There are many such common attributes along with state like importance(normal, urgent etc), priority etc. And for all of them I want to use same table. I am keeping one flag in each of the tables to differentiate task and defect. What is the best solution in such a case?

If somebody is using this application in health domain, they would like to assign different types, states, importances for their defect or tasks. Moreover when a user selects any project I want to display all the types,states etc under configuration parameters section.

akhil_mittal
  • 23,309
  • 7
  • 96
  • 95
  • What's the role of `type` and `type_id` in all this? Is the type a property of the state or is it a property of the state "instance" in the task or defect? – Branko Dimitrijevic Jun 28 '12 at 09:33
  • Type basically refers to importance task can have (normal, urgent, critical) etc and type_id is primary key for that table. Now a task and a defect both will have type (or better call it importance) ans state (new, in progress etc) – akhil_mittal Jun 29 '12 at 03:07

2 Answers2

6

1 ...

There is nothing inherently wrong with this. If the possible user "roles" are strictly determined and unlikely to change, then this is, in fact, the preferred way to do it. You are effectively modeling the C:M relationship, where C is constant.

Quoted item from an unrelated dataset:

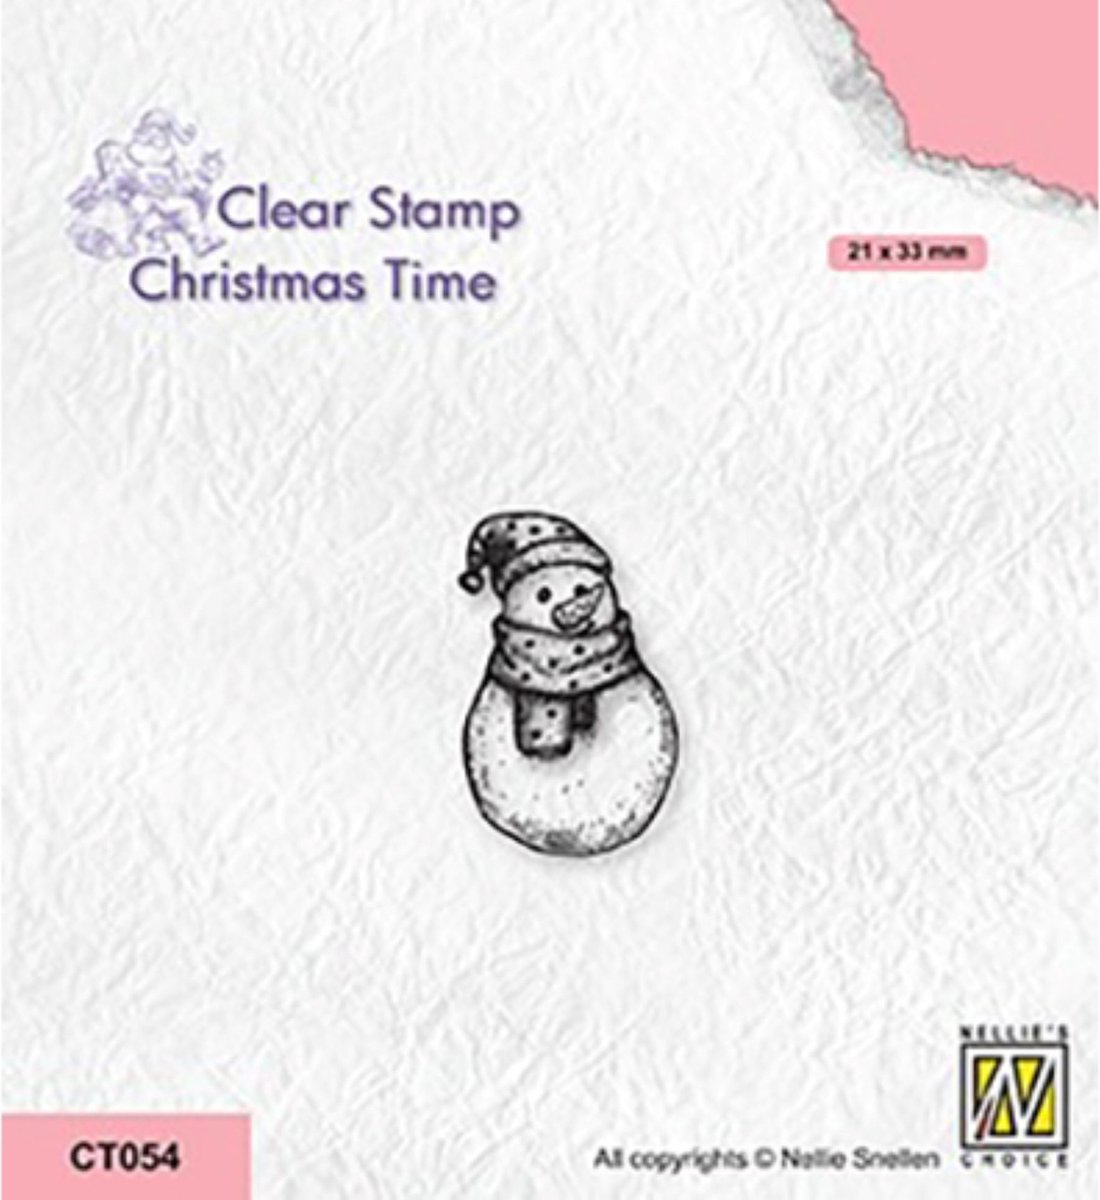 CT054 - Nellie Snellen Christmas Time Clear Stamp Snowman 2 - stempel sneeuwman sneeuwpop met muts - winter - kerstmis - kerst

On the other hand, if the roles can change (e.g. you need to be able to dynamically add a new "lifecycle phase" to the defect), then a link (aka. junction) table, modelling the true M:N relationship, might be justified. Something like this:

enter image description here

BTW, while JOINs have their cost, that by itself doesn't mean you can't afford it. And you may not even need all the JOINs all the time - just do the JOINs that bring the information that you currently need and leave the others out. In any case, I recommend you measure on realistic amounts of data to determine if there is an actual performance problem.

2 ...

If there are many common fields, you can use inheritance1 to minimize the repetition of common fields and foreign keys. For example:

enter image description here

In this model, each "attribute" table (such as state and importance) is connected only once with the base, and through it to each of the "inherited" tables such as defect and task. No matter how many "inherited" tables you add, you'll still have just one connection per "attribute" table

This model essentially prevents the proliferation of "attribute" FKs, for the price of somewhat more cumbersome management of defects and tasks (since they are now split to "common" and "specific" portion). Whether this is a better balance than the old design is for you to decide...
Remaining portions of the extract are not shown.